● Your instructions
Could you write out exactly, and only, the lines from the one containing "Dr. Vanessa holding a barbell in each hand" through the last line of the data, leaving out all pictures?

● Input data
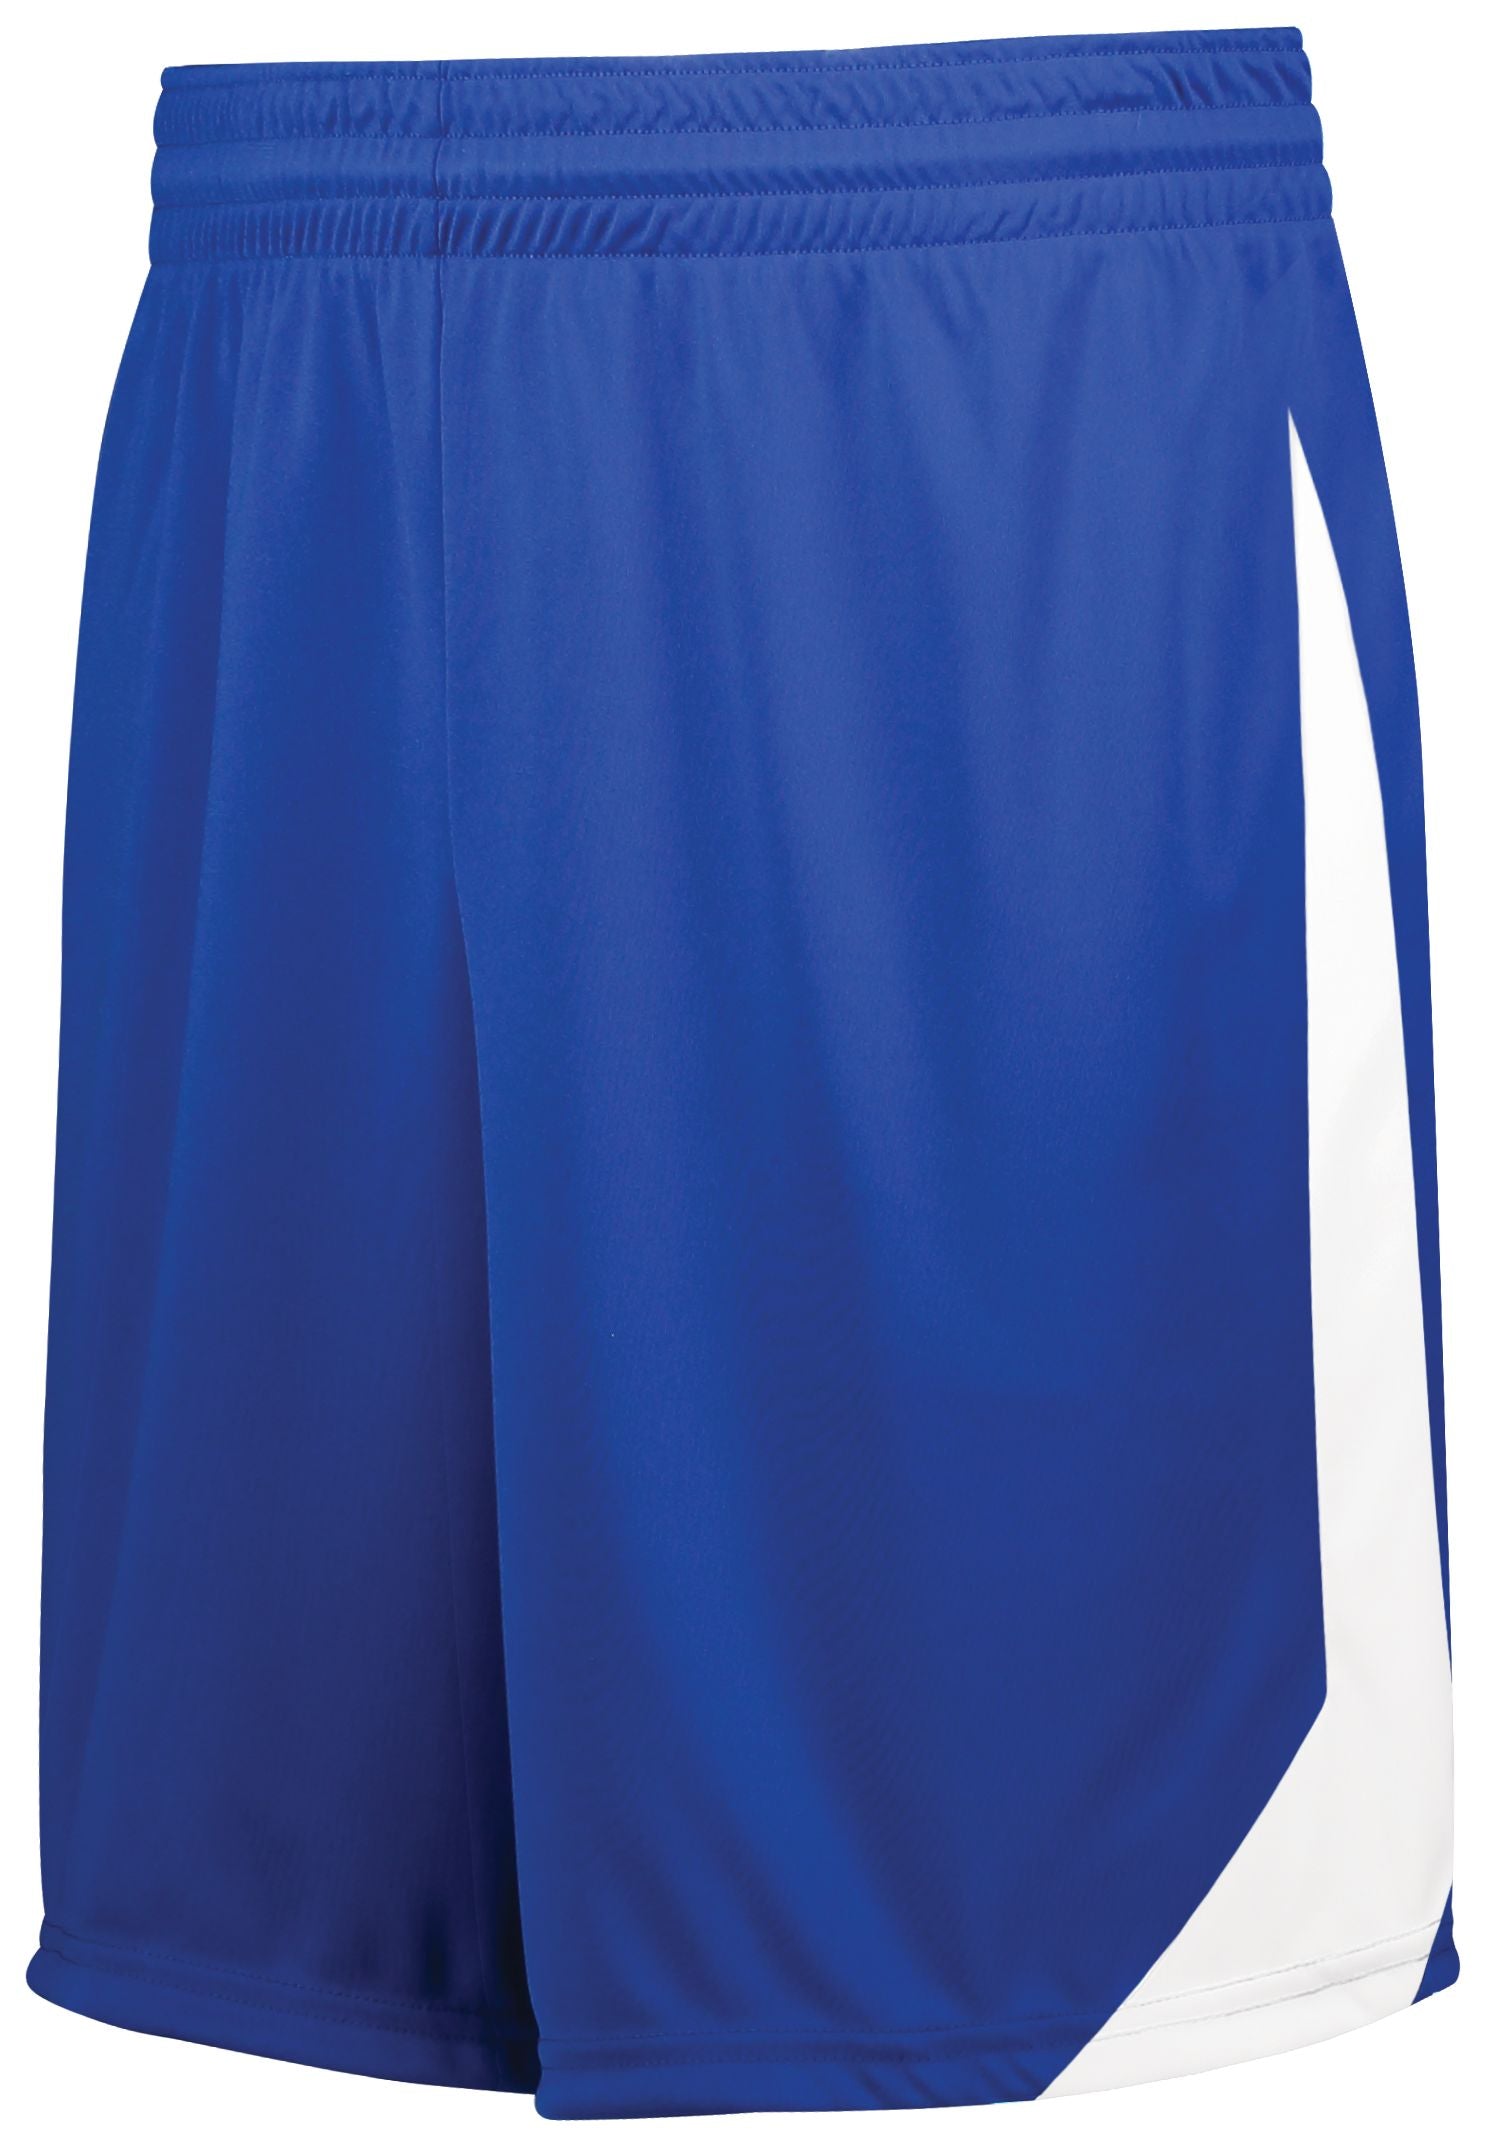 High 5 Athletico Shorts in Royal/White  -Part of the Adult, Adult-Shorts, High5-Products, Soccer, All-Sports-1 product lines at KanaleyCreations.com
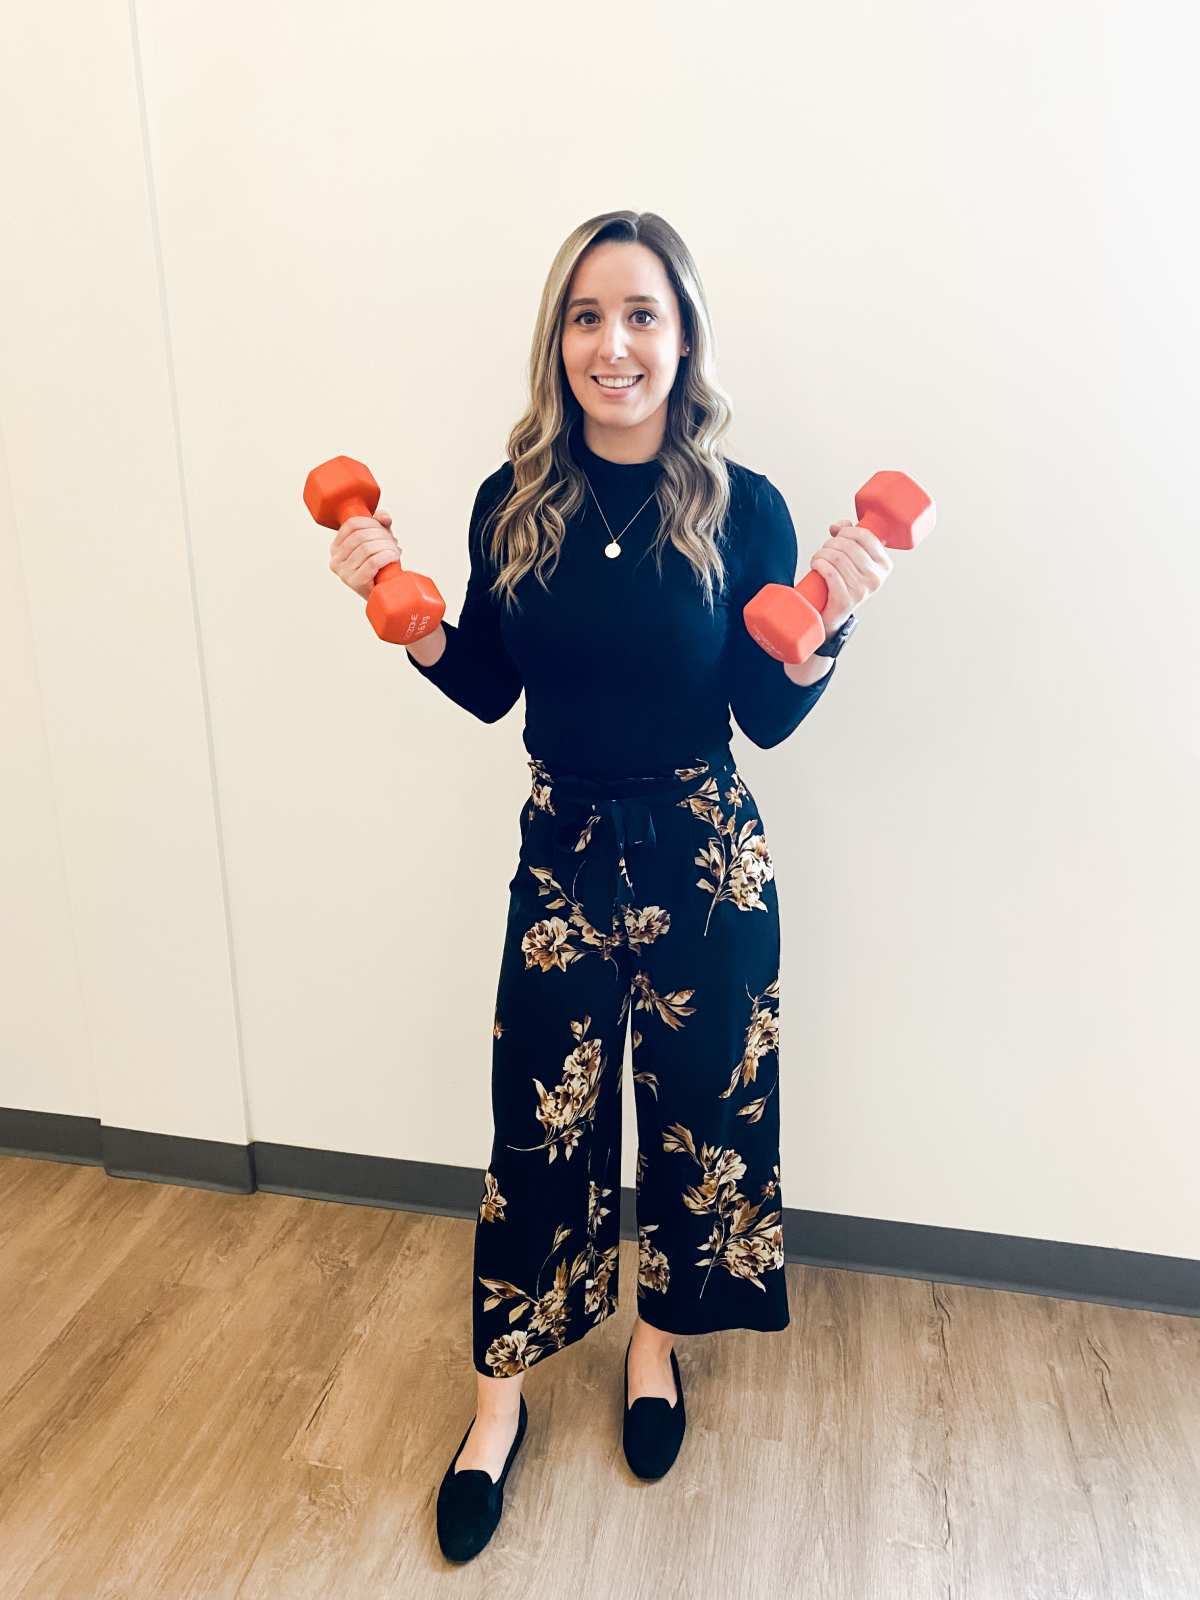 Dr. Vanessa holding a barbell in each hand
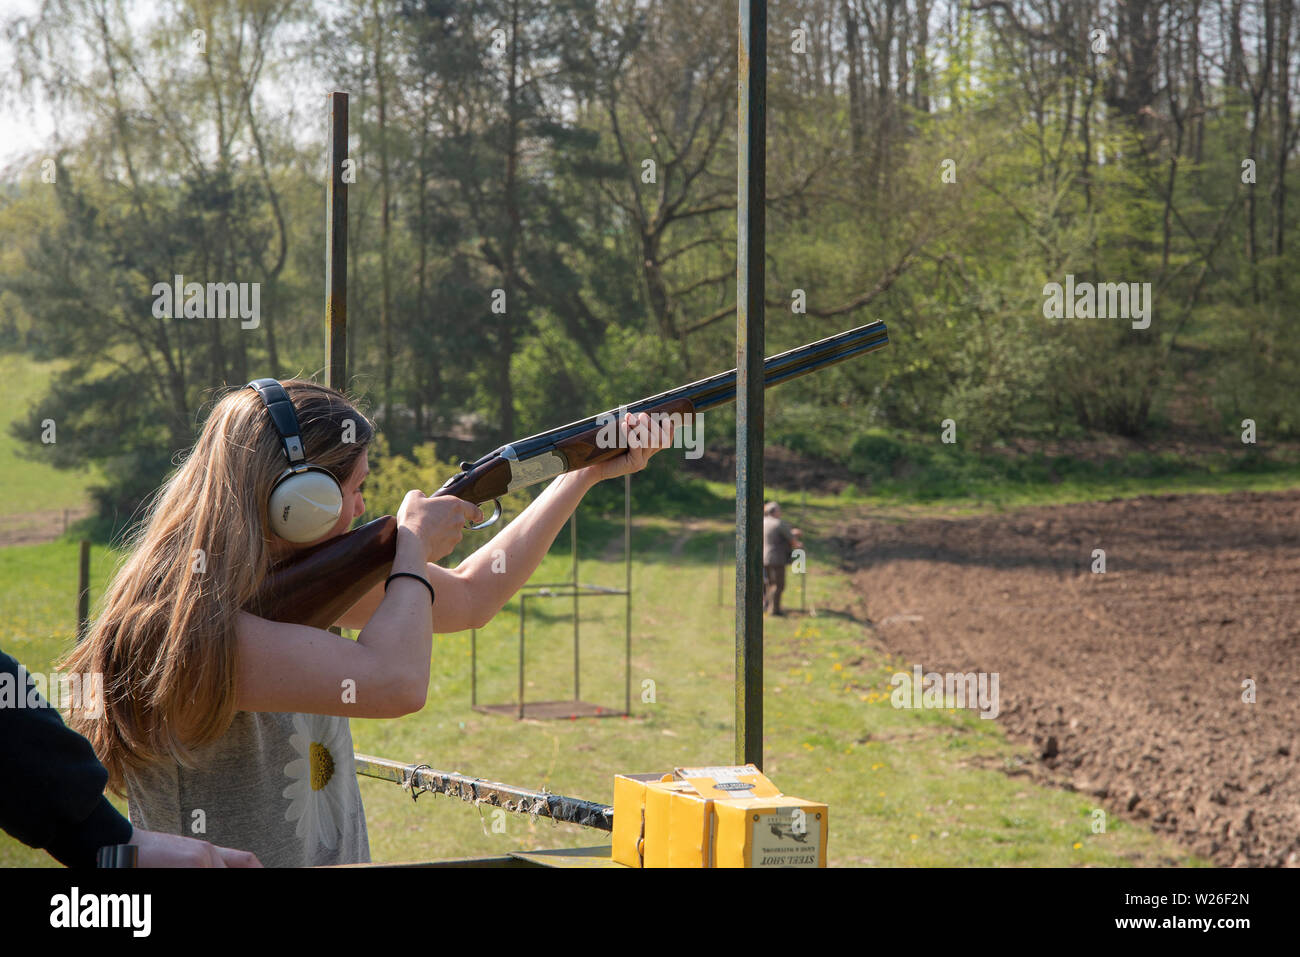 Woman/lady at a clay pigeon shoot with ear defenders taking aim Stock Photo

● Solution to the exercise
 Dr. Vanessa holding a barbell in each hand
 Woman/lady at a clay pigeon shoot with ear defenders taking aim Stock Photo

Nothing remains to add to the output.